_YOUR INSTRUCTIONS_
When you reach the line below that has "Printable Calendar No", start returning lines exactly, and stop after the line that has "Epicurean Gourmet Series"; skip the pictures.

_EXERCISE MATERIAL_
────────────────────────────────────────

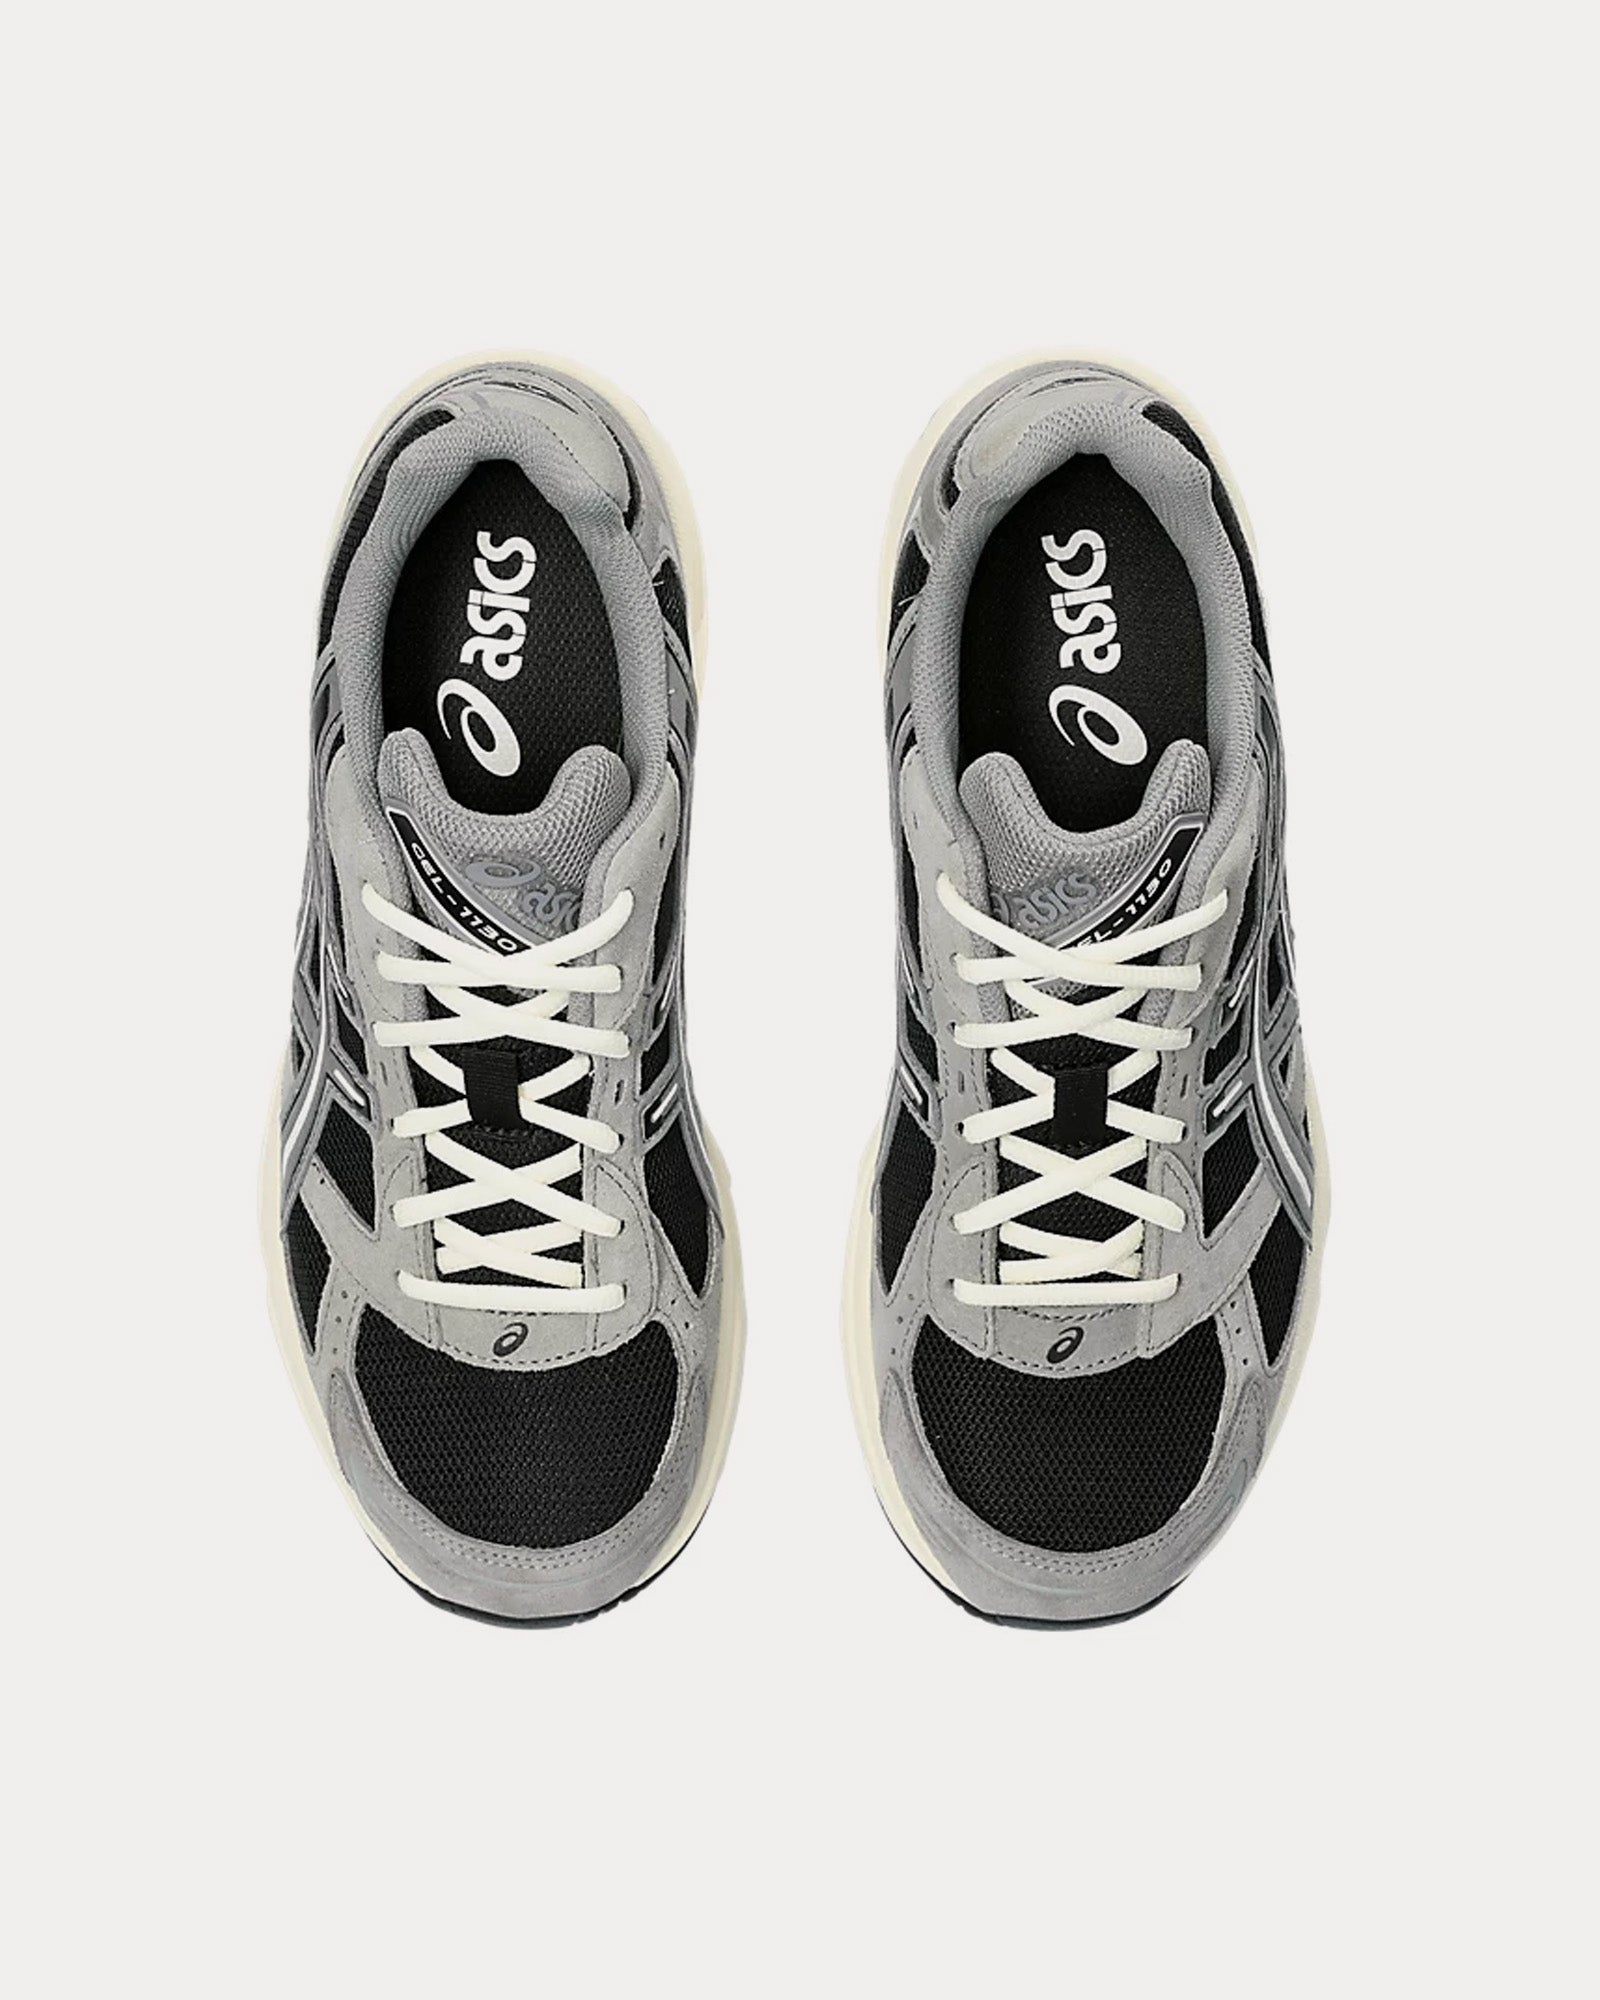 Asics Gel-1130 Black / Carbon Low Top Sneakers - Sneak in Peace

────────────────────────────────────────

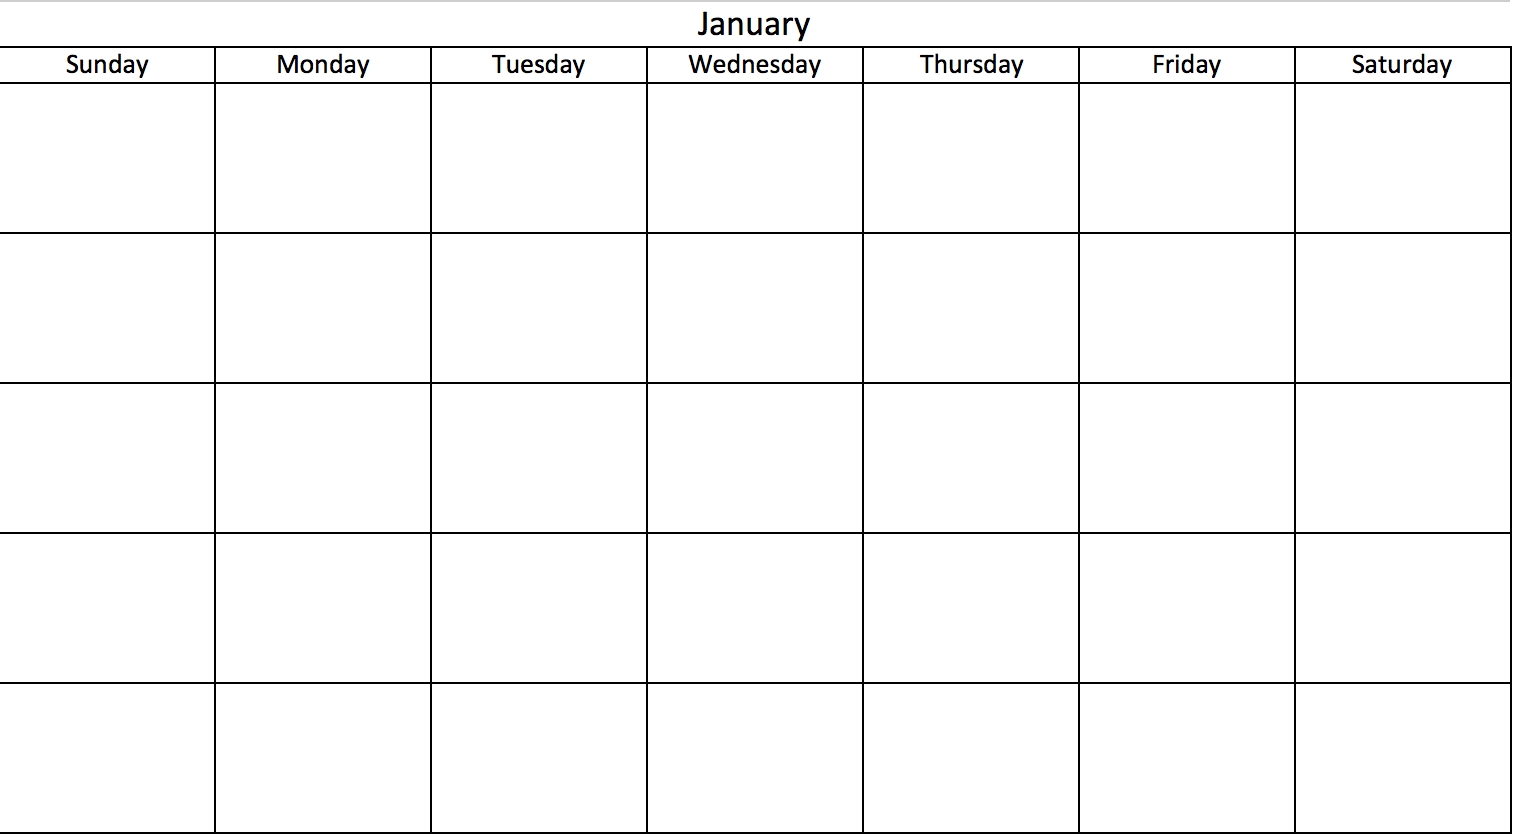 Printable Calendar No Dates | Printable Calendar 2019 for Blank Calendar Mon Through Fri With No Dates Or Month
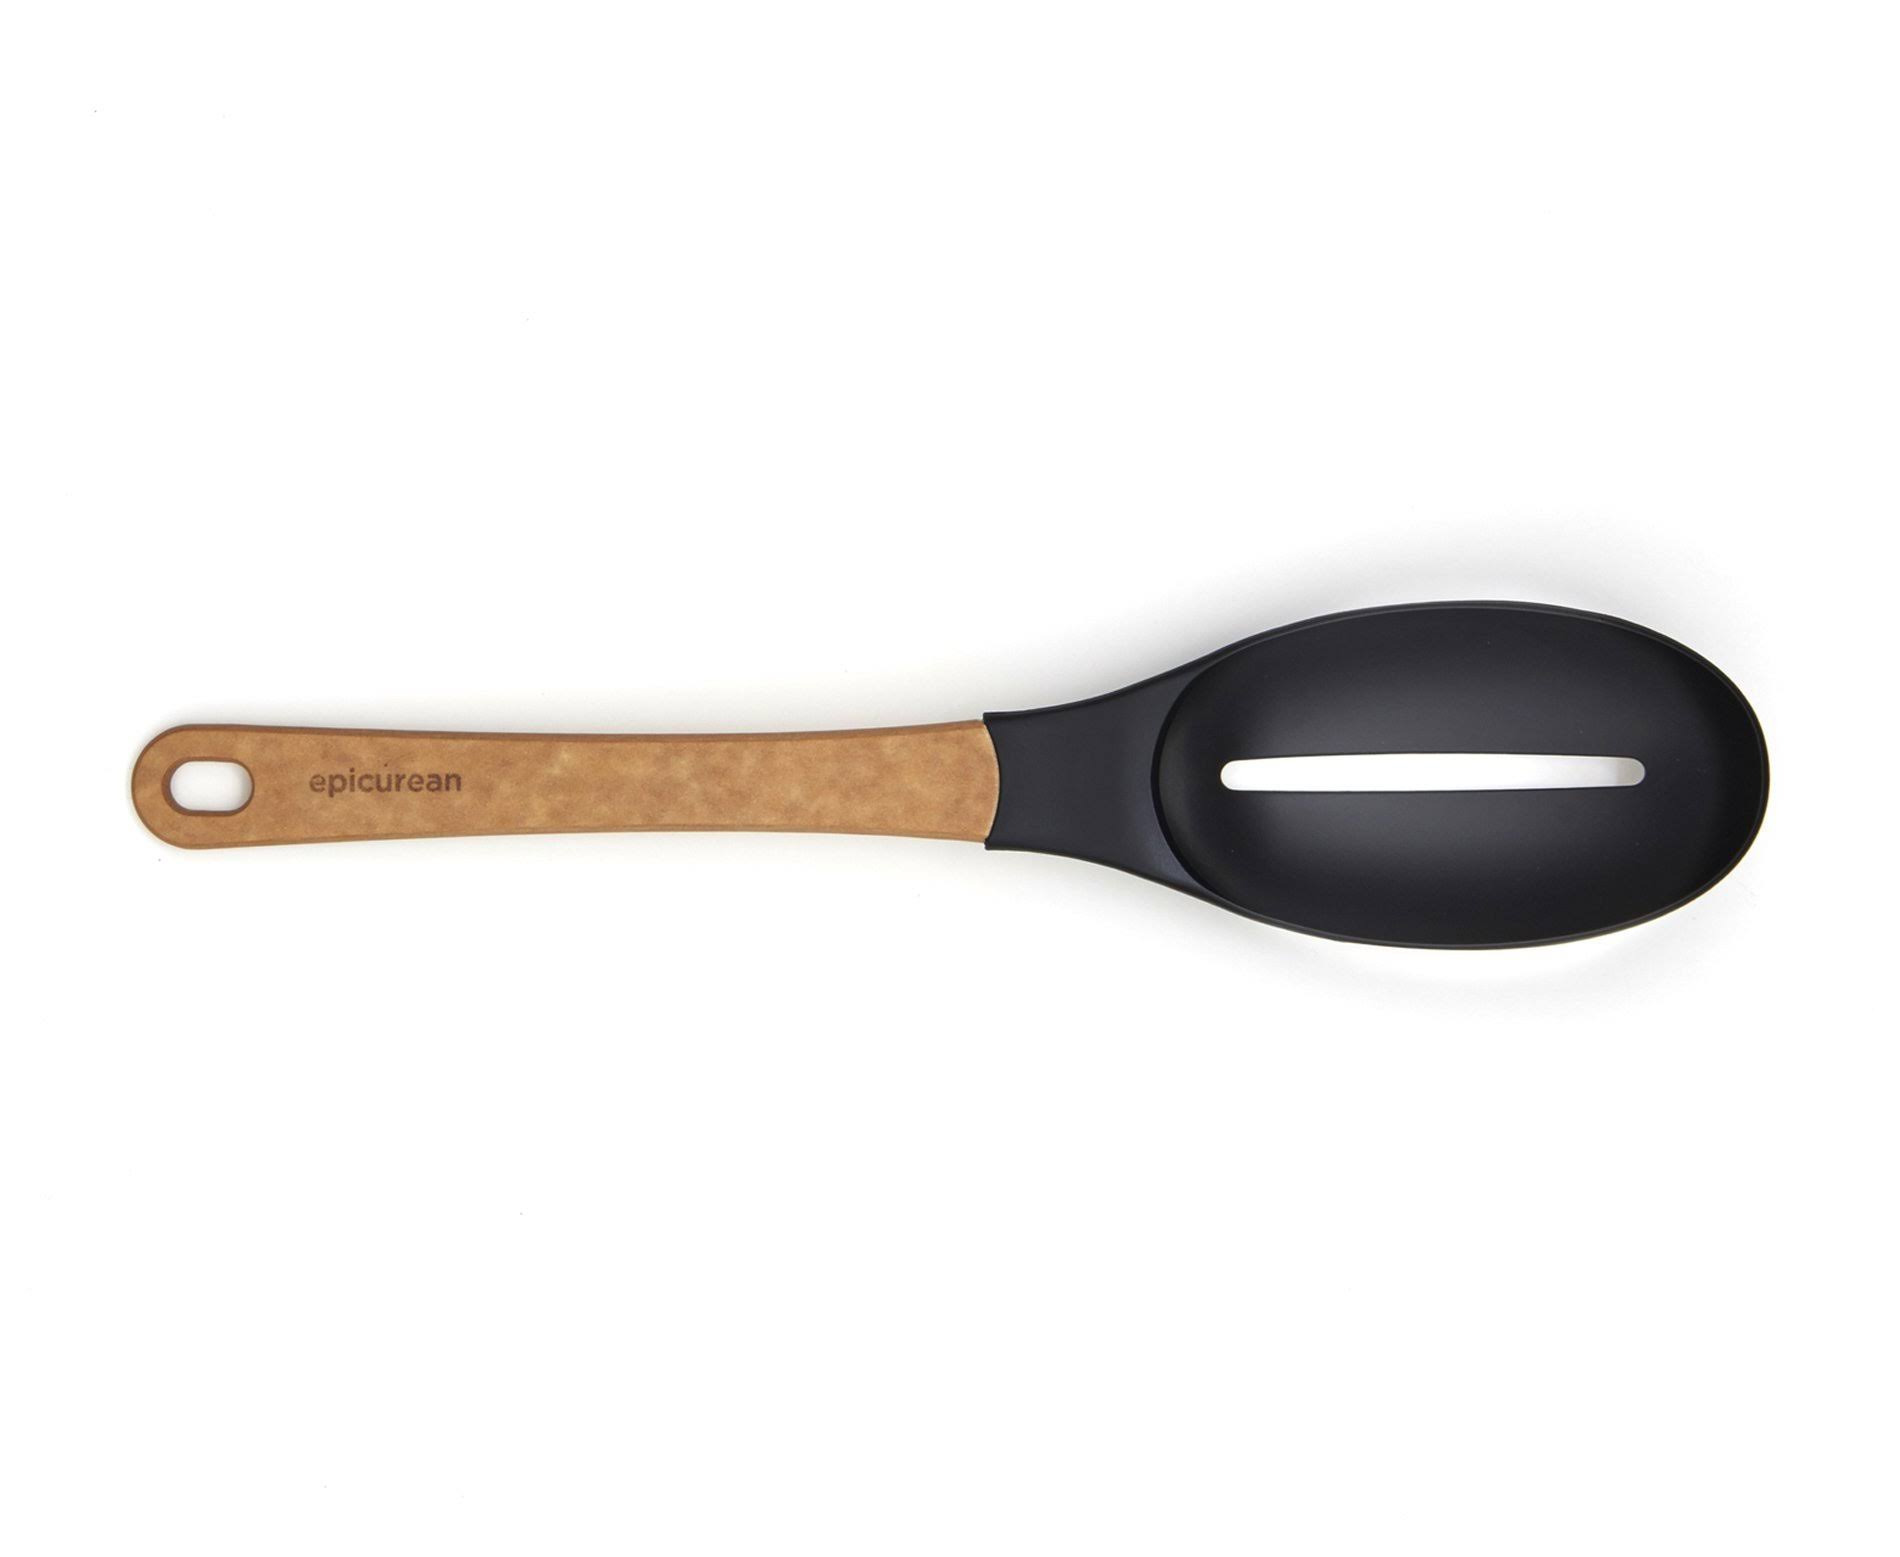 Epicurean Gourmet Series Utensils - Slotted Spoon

────────────────────────────────────────

_RESPONSE AREA_
 Printable Calendar No Dates | Printable Calendar 2019 for Blank Calendar Mon Through Fri With No Dates Or Month
 Epicurean Gourmet Series Utensils - Slotted Spoon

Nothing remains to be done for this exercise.